Gisteren, vrijdag, de dag van de afscheidsdienst, was ik al vroeg wakker. Niet zozeer van de zenuwen omdat ik een stukje zou voorlezen tijdens de dienst, daar keek ik (voorlopig) nog niet tegenop. Ik had goed geslapen. Diep, volgens Inge, want ik had gesnurkt en dat is een teken volgens haar dat ik helemaal van de wereld ben. Je kan dan een kanon naast het bed afschieten en nog zou ik doorslapen.
Na de wake van donderdagavond was ik naar huis gereden met het voornemen nog even een rondje te gaan hardlopen. Al sinds vorige week zondag was ik niet meer geweest. Eenmaal thuis had ik echter geen puf meer. Ik at nog wat en lag voor tien uur in bed. En om vijf uur de volgende ochtend was ik klaarwakker en helemaal uitgerust.
Exact om elf uur arriveerden we bij het crematorium. We hadden besloten om de afscheidsdienst klein en intiem te houden. Vijf jaar geleden bij de crematie van mijn vader was dit noodgedwongen vanwege de lockdown, nu hadden we er bewust voor gekozen. Na afloop bij de koffietafel kregen we complimenten van de broers en zussen van mijn moeder dat ze het erg mooi hadden gevonden. Vooral dat we de laatste jaren waarin zij zienderogen achteruit ging vanwege dementie niet al te nadrukkelijk hadden laten terugkomen konden ze erg waarderen.
Net voor vier uur en het ergste fileleed zijn we weer thuis. Deze keer besluit ik wel een rondje te gaan lopen. Hard zal het niet gaan maar ik wil er even tussenuit. Het duurt niet lang of zweet vermengt zich met tranen. Ik ren en ren en huil en huil. Niemand die ik zie, niemand die het ziet. Als ik bijna thuis ben zijn mijn tranen zo goed als opgedroogd.

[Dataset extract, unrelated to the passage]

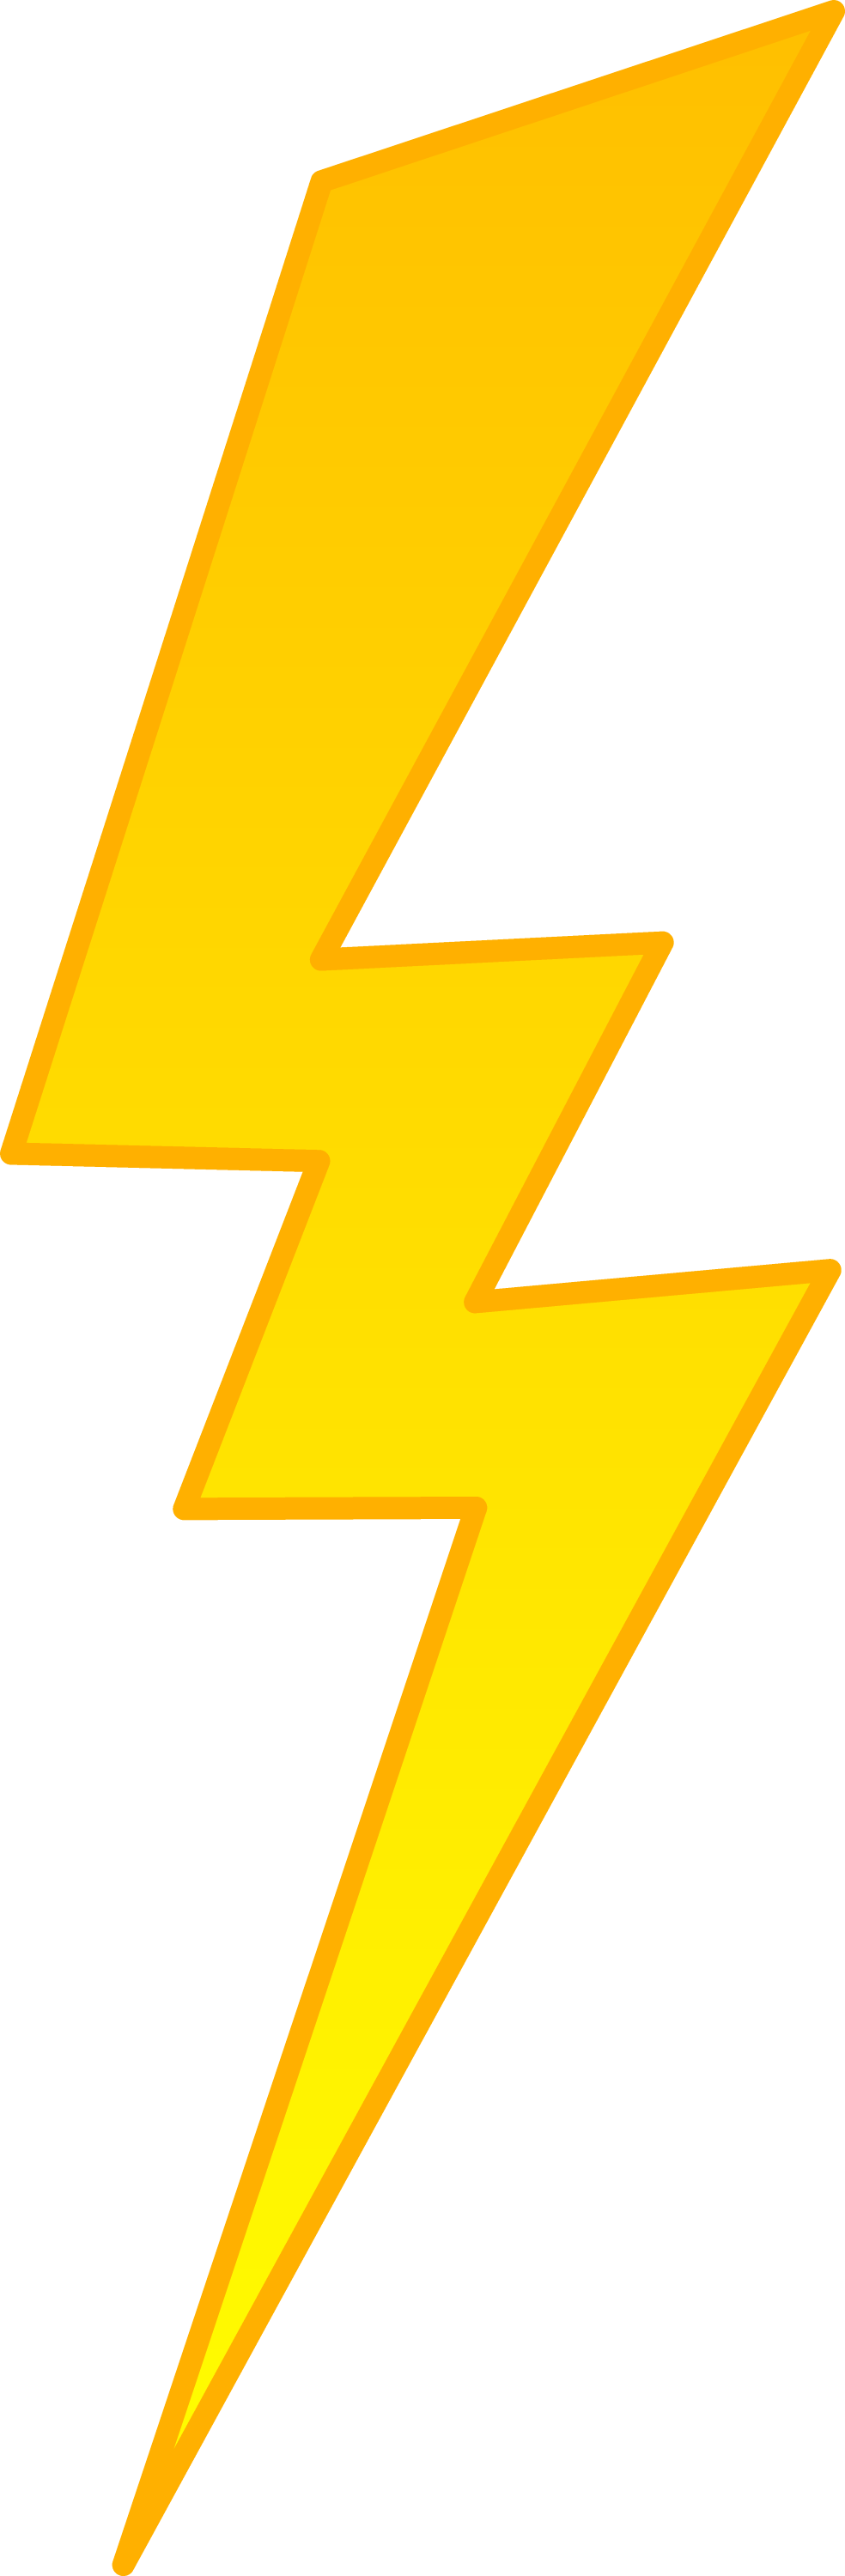 Lightning Bolt Background PNG

Vandaag, zaterdag, heb ik meer moeite met opstaan. Het besef dat mijn ouders er niet meer zijn begint eindelijk in te dalen. Nu is daar alleen nog mijn jongere broer. Gister hebben we elkaar nog eens flink omhelsd en binnenkort zitten we weer bij het crematorium voor de asbestemming. Maar daarna? We zijn allebei niet van de verplichte bezoekjes of telefoontjes, maar ik hoop toch echt dat we elkaar niet te snel uit het oog verliezen.
De dag is gevuld met de typische weekendklussen die gedaan moeten worden en de aandacht afleiden. Dus dat is goed voor nu. Voor ik het doorheb is het vijf uur en ga ik opnieuw een rondje rennen. Ditmaal houd ik het droog (wat tranen betreft, niet het zweet).
Nog een (zon)dag en dan mag ik weer naar kantoor. Ik moet er nog even niet aan denken.
~ ~ ~
Vandaag hoorde ik tijdens de bedrijven door een gedicht van C.O. Jellema, getiteld Zomernacht in de podcast van Boeken FM. Ik werd er meteen door gegrepen toen het voorgelezen werd, en heb de tekst deze avond opgezocht.
Zomernacht
Doe nu die gedachten dicht van je.
Denk nu eens liever niet na over morgen.
Kijk niet steeds weer die bosrand van gisteren
na, bramenplukker die je bent zoals vroeger
maar nu. Maak even geen onderscheid tussen
een wie en hoezo en de kans op anders.
.
Doe in je hoofd uit de lamp, hoor wat er is,
ademt en ritselt, kwaakt in de kikkers.
Leef met je lichaam van nachtwind de koelte.
Geeuw je een gat in het hart en proef het
zo rood al sap van bramen. Wees langzaam
door vogels gezongen het wordende licht.